Commentary, asides, loose thoughts, unfair complaints
The style here is one that I associate, fairly or otherwise, with Heinlein—meaning, the novel is first-person narrated by a witty smart-ass as he tries to stay two steps ahead of everyone else. There’s a touch of Pratchett in the book too, but most of the Discworld novels are very much third-person, looking in on the absurdities not just of Discworld but to some extent the entire fantasy genre. In this book, Orhan, who heads a corps of engineers in an imperial army, is right at the edge of fourth-wall breaking in his understanding of the conventional tropes of fantasy but not quite—there’s still a bit of sincerity and interior life to him, he’s still in his world.
The basic gimmick is that he and his engineers find themselves completely alone in defending a large walled city from a siege by mysterious enemies who have already destroyed the imperial army and navy. So it’s up to Orhan to more or less rebuild the empire by himself while stuck inside the capital city with only engineers, and he’s a member of a subordinated racial caste to boot.
It’s enjoyable enough. I have ambivalent feelings about Heinlein-style smart-ass first-person narrators who are completely reliable, e.g., they are in fact smarter than everyone else and understand the situation they’re in far more comprehensively than anyone around them. Parker clearly gets one of the problems this poses, which is a lack of tension, so while Orhan sees things more clearly than anyone else, he doesn’t see everything in time to anticipate some of the challenges he will face in defending the City. He’s rather like a fantasy MacGyver—he’s going to be able to improvise in a bad situation because he knows a lot about technology, about material culture, and about the real everyday sociology of the City, but he’s still going to get into bad situations. These kinds of characters are fun but they’re also a bit insufferable and sort of empty inside, and they tend to keep all the other characters from developing any sense of personality that you can connect with, because they mostly exist either to loyally (or pragmatically) accept the protagonist’s leadership or as dummies who impede the protagonist by their stupidity or close-mindedness and thus confirm to us, the reader, that the hero is in fact the smartest guy in the room. Generally, you solve the problem of the protagonist’s motivation by putting him in a situation where he just has to take charge and do the right thing by everybody because the alternative is dying, which is pretty much this novel. Sometimes the character is a kind of smart-guy magnet and he starts to draw a few other characters who are sharply perceptive to his side, and that’s also the case here.

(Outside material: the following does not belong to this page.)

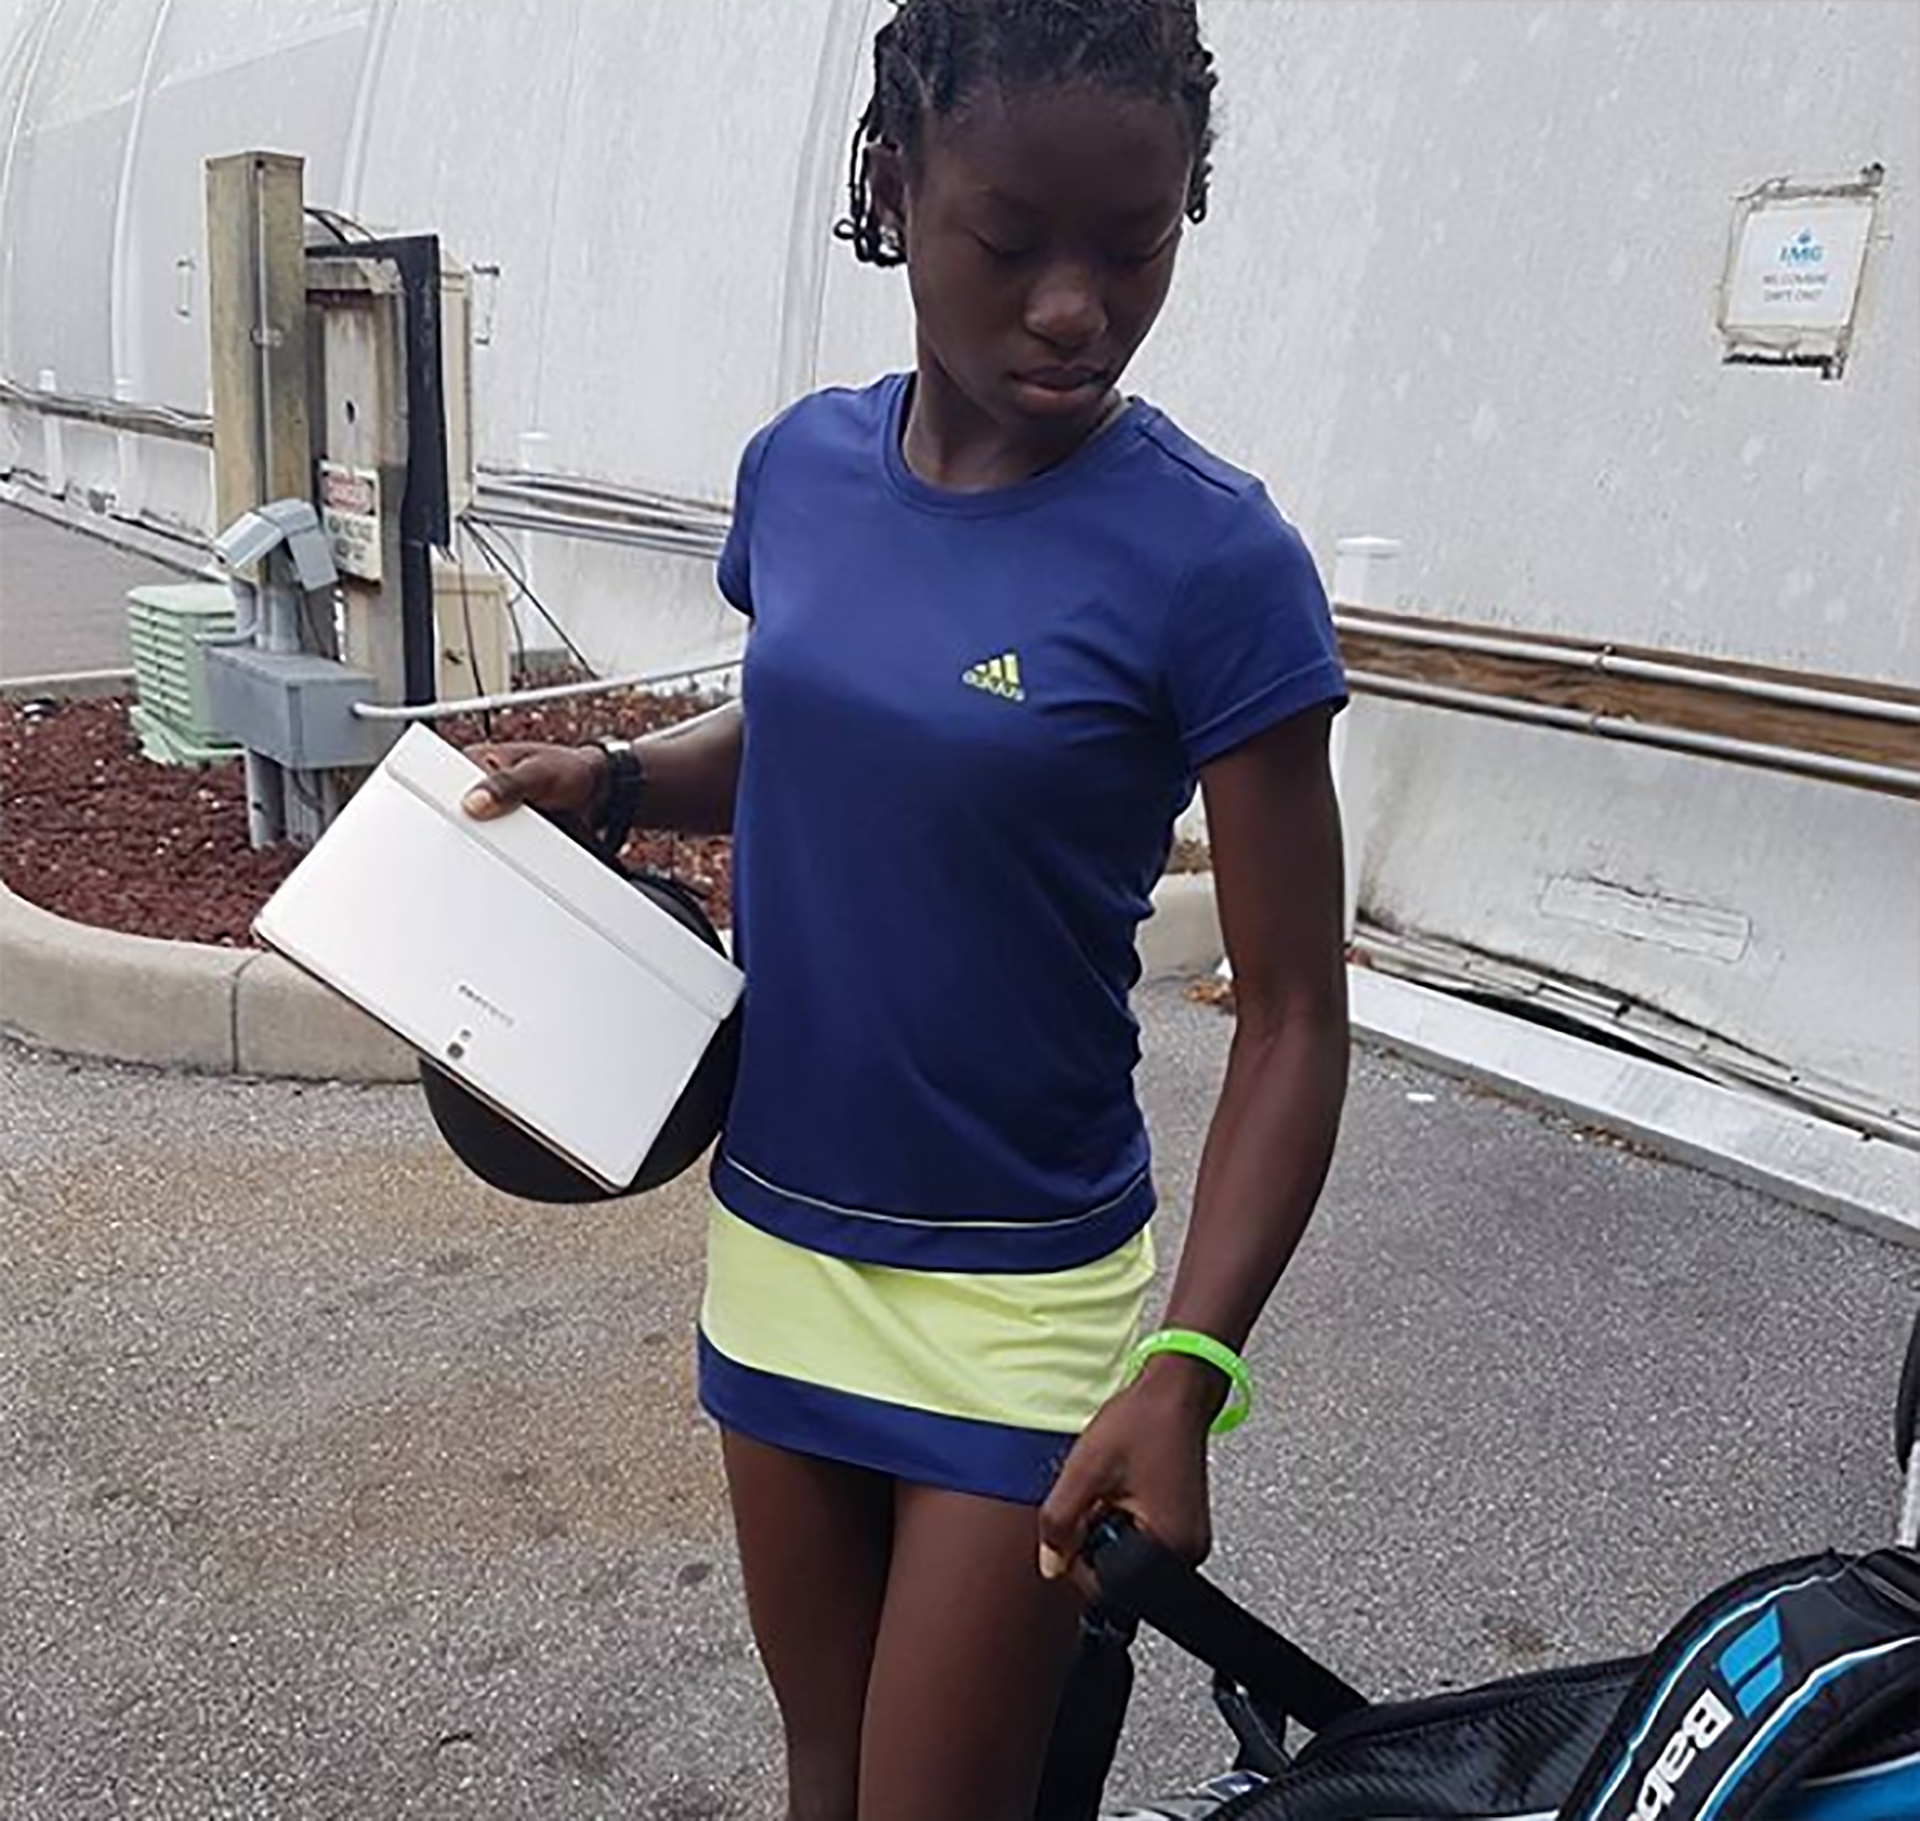 Con 13 años podría convertirse en una de las mejores tenistas del país

Apparently Parker’s other books have some pretty dark content to them, but this one stays on the fun side of things despite some pretty considerable mayhem around the edges. The major distinctive element in the book is definitely the attention to technological systems and to how Orhan and his engineers innovate their way through their difficult situation. Parker does a great job of thinking about how things actually work, about the infrastructures that maintain a walled city under siege or are needed to make siege engines. I once suggested to a colleague that every academic discipline should identify a book that is a love poem dedicated to their discipline, and I suggested that Andy Weir’s The Martian could count as a love poem to chemistry. (My colleague was very worried when I said there was a scene involving hydrazine that is ultimately used to create water, and I said no, no, they make very clear that it’s dangerous.) Well, anyway, this book would be a pretty fair love poem to engineering.
His "Engineer trilogy" is quite good, although darker and maybe focused on how engineers approach politics when forced to. Certainly consistent with the love-poem aspect you mention.